The season ends with cold-open material as a cold-closer, as the BTK killer dresses himself in women’s undergarments and a mask again, and perhaps an autoasphyxiation ritual involving a rope and various souvenirs from the people he’s killed. This is more or less how the season started, so we’re back on the timeline that’s going to stretch out nearly 25 more years until he’s finally arrested in 2005. It’s a haunting reminder that the innovative work to capture these boogeymen doesn’t always lead to justice. And Holden will have to learn to live with it.
• A new choral version of the theme over the opening credits. Next time, the show should add lyrics, perhaps along the lines of Shirley Bassey’s “Goldfinger.”
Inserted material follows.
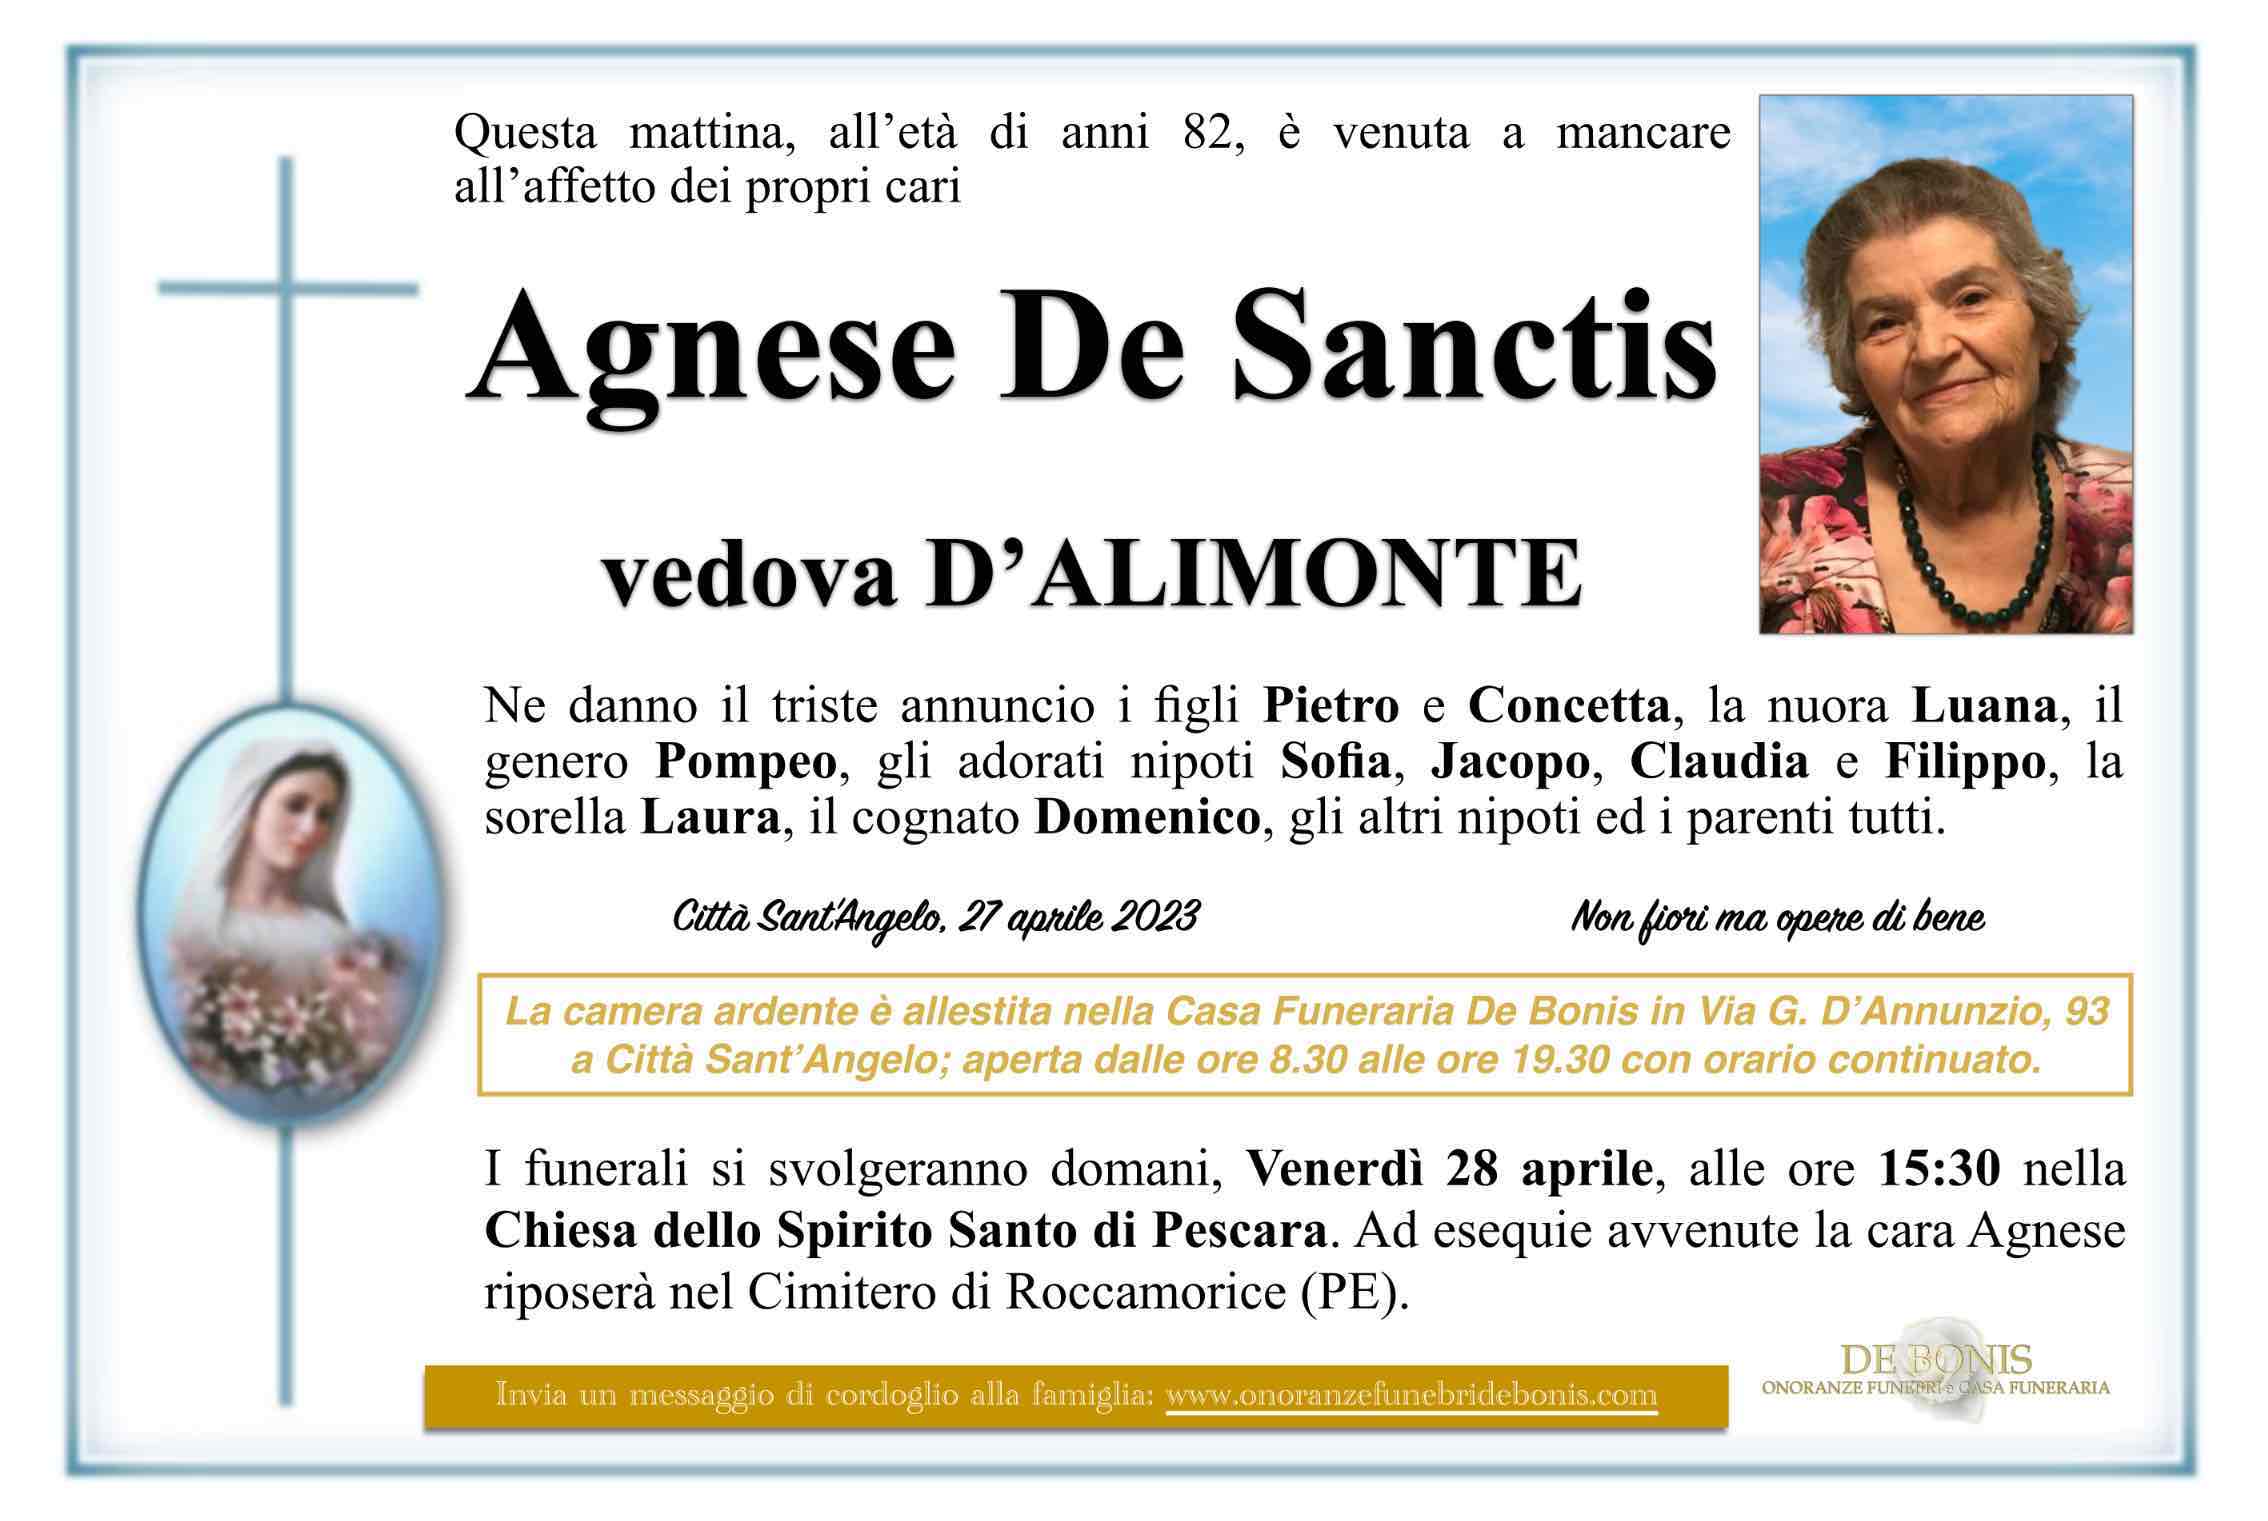 Agnese De Sanctis

• Bill’s inadequacy in his family’s time of need finally leads to the inevitable break-up of his marriage. The last straw is Bill splitting town in the middle of teaching Brian how to flip burgers, only the latest of many short-circuited bonding moments. The boy won’t understand why he’s leaving home. And for Nancy, it doesn’t even matter anymore.
• “What is ‘Model T’?” “It’s a code name for Ford.”
• Another thesis statement of a line from Tanya, who says of Holden’s profile, “That’s what every cop in Atlanta looks for, for every crime.”
• Perhaps there’s some thematic justification for Wendy having no part in this episode at all, but her brief appearance at the end suggests more simply that there wasn’t a need for her. By and large, I agree with The Ringer’s Alison Herman about the value of Wendy’s enhanced role in season two, which is especially crucial on a show that often confronts violence against women, but there’s still more room for growth.